Optionally, the mold has a size along at least one axis that is a fraction of the size of the component. For example, in one embodiment, the mold has a size along at least one axis that is in a range of ⅕ to ⅞ of the size of the component along the corresponding axis. Optionally, the mold has a size along at least one axis in a range of ¼ to ¾ of the size of the component along the corresponding axis.
In one embodiment, the method includes providing a mold dimensioned to be smaller than the component to be covered. The mold is then dipped into a bath of an elastomeric material, such as liquid or molten nitrile or latex. After the mold is removed from the bath, the elastomeric material is dried on the mold. The elastomeric material is then removed from the mold after the elastomeric material has dried. Once dried, the cover may be removed from the mold using air.
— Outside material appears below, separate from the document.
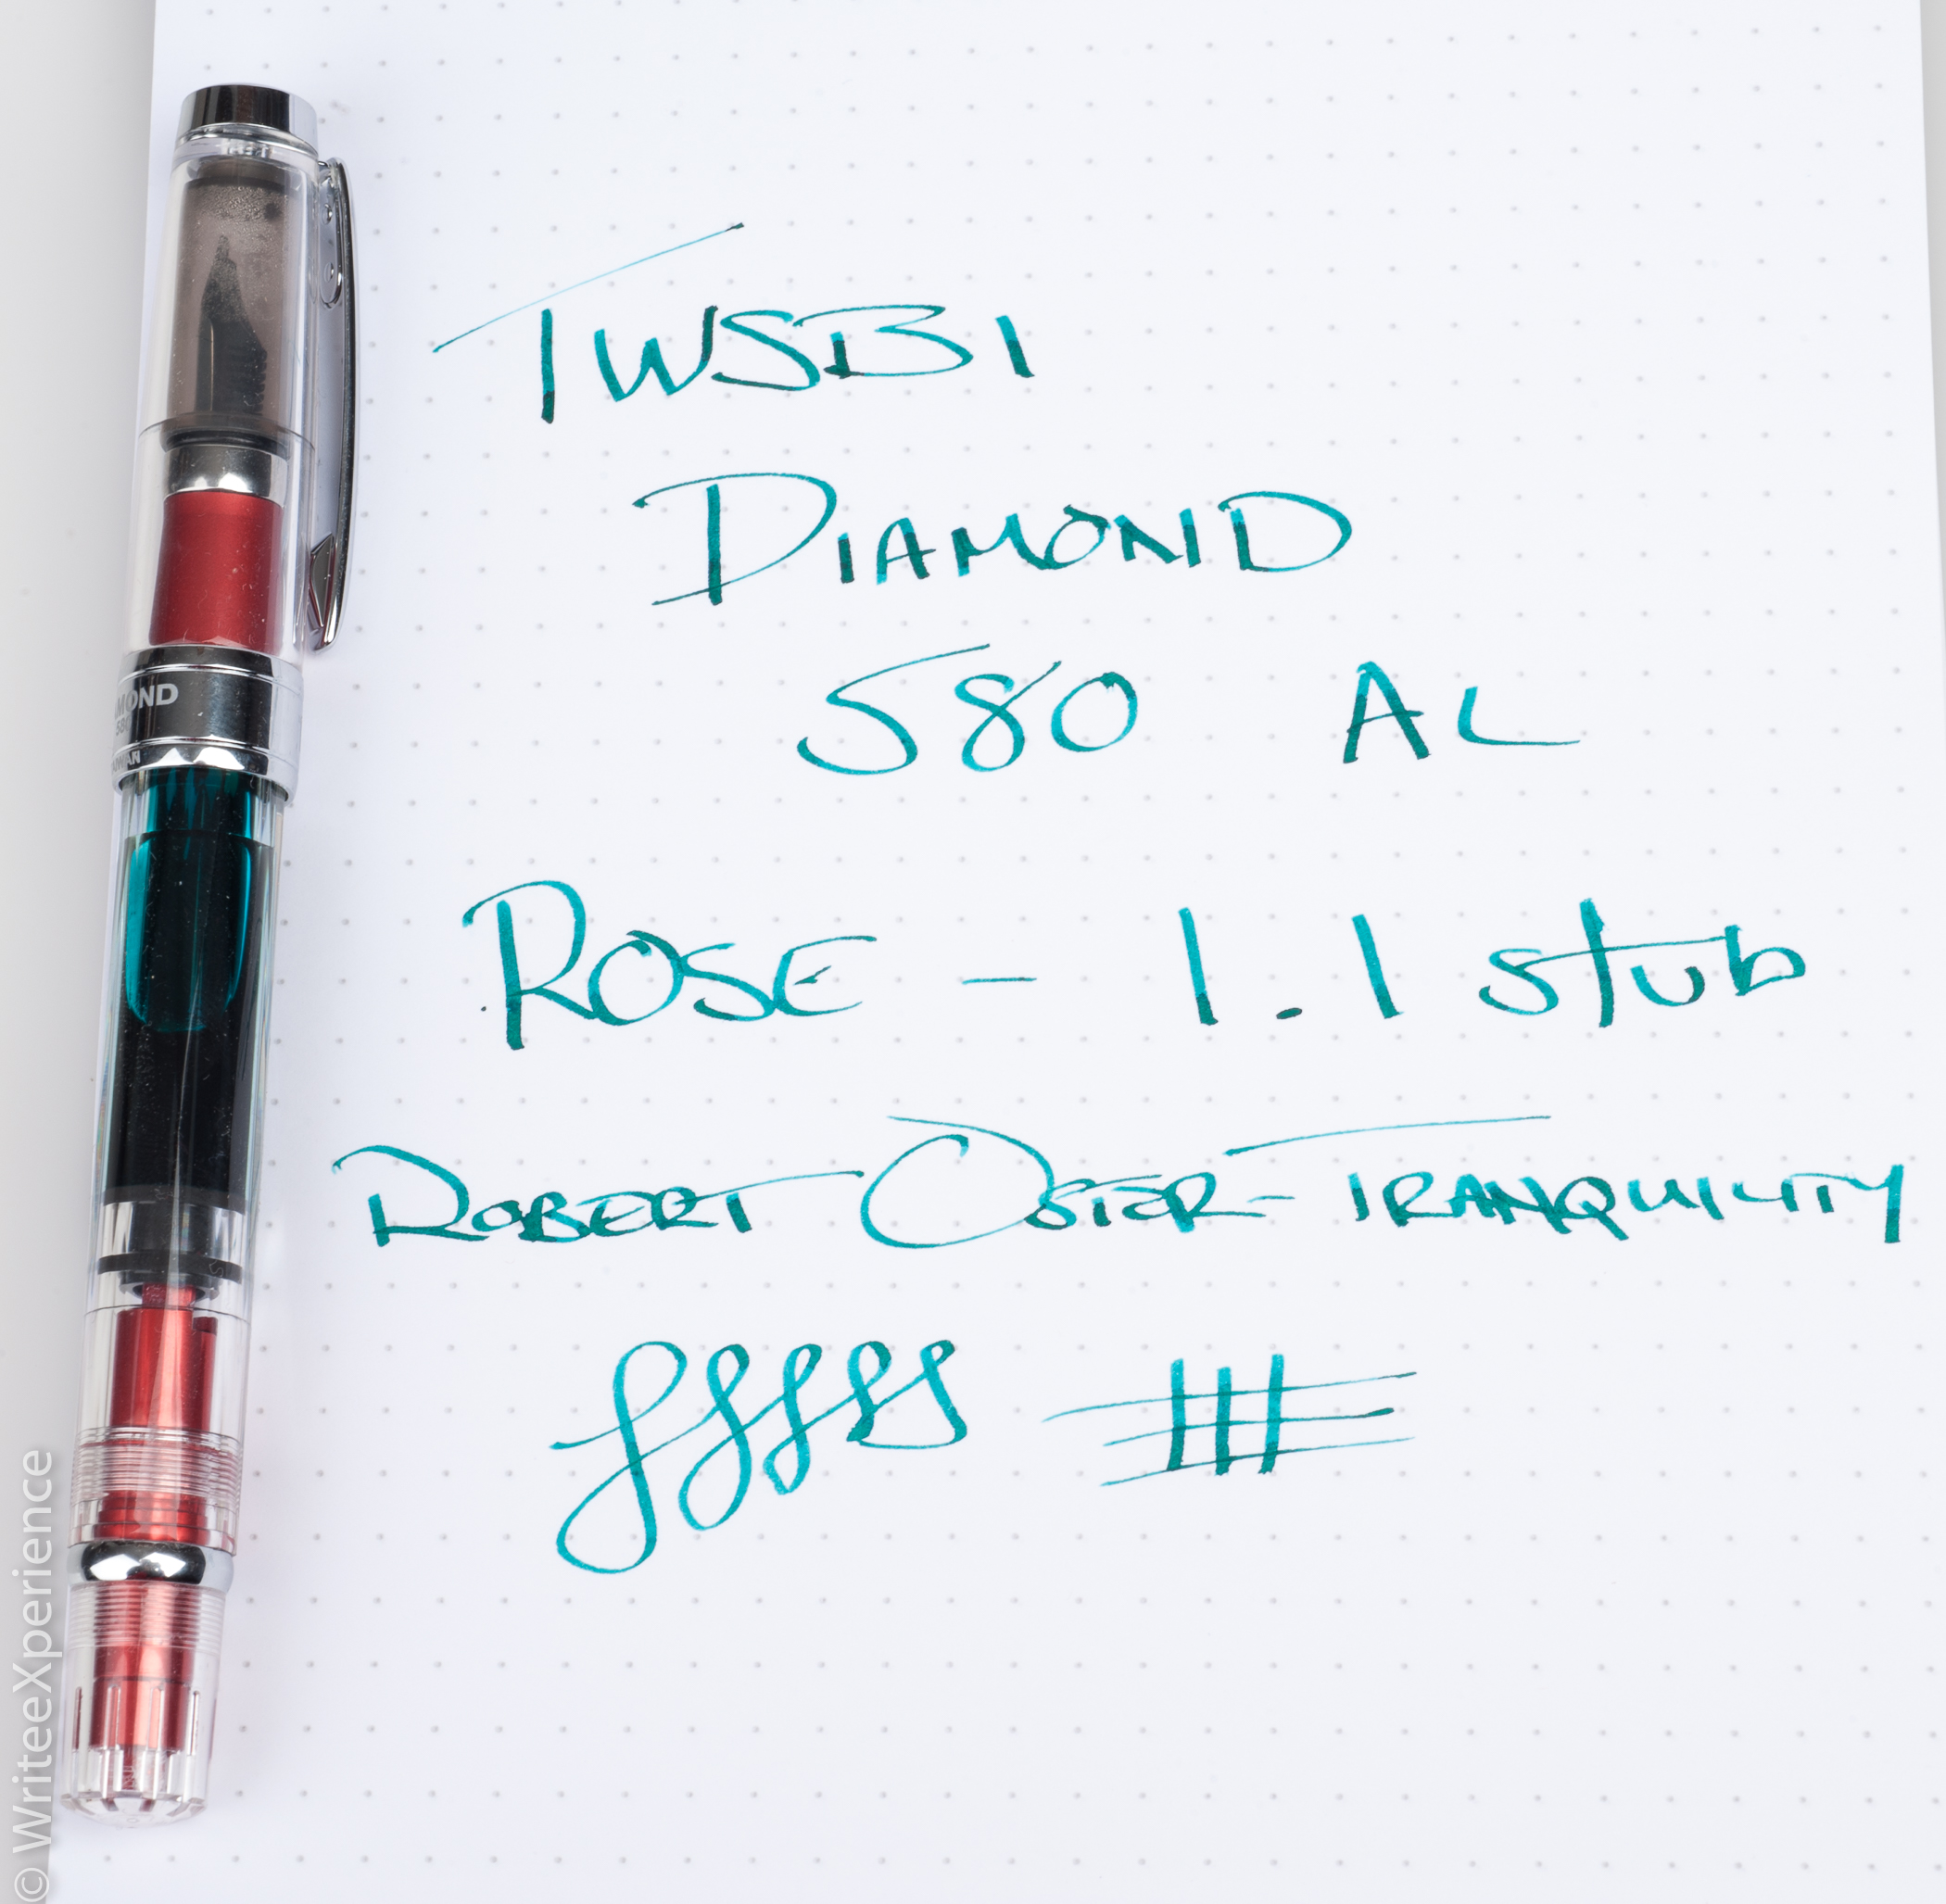 TWSBI Diamond 580ALR Rose Fountain Pen NEW TO MARKET

In one aspect, the elastomer is dried by dipping the mold in a hot water bath.
Various alterations and changes can be made to any of the foregoing embodiments without departing from the spirit and broader aspects of the invention as defined in the appended claims, which are to be interpreted in accordance with the principles of patent law including the doctrine of equivalents. This disclosure is presented for illustrative purposes and should not be interpreted as an exhaustive description of all embodiments of the invention or to limit the scope of the claims to the specific elements illustrated or described in connection with these embodiments. For example, and without limitation, any individual element(s) of the described invention may be replaced by alternative elements that provide substantially similar functionality or otherwise provide adequate operation. This includes, for example, presently known alternative elements, such as those that might be currently known to one skilled in the art, and alternative elements that may be developed in the future, such as those that one skilled in the art might, upon development, recognize as an alternative. Further, the disclosed embodiments include a plurality of features that are described in concert and that might cooperatively provide a collection of benefits. The present invention is not limited to only those embodiments that include all of these features or that provide all of the stated benefits, except to the extent otherwise expressly set forth in the issued claims. Any reference to claim elements in the singular, for example, using the articles “a,” “an,” “the” or “said,” is not to be construed as limiting the element to the singular.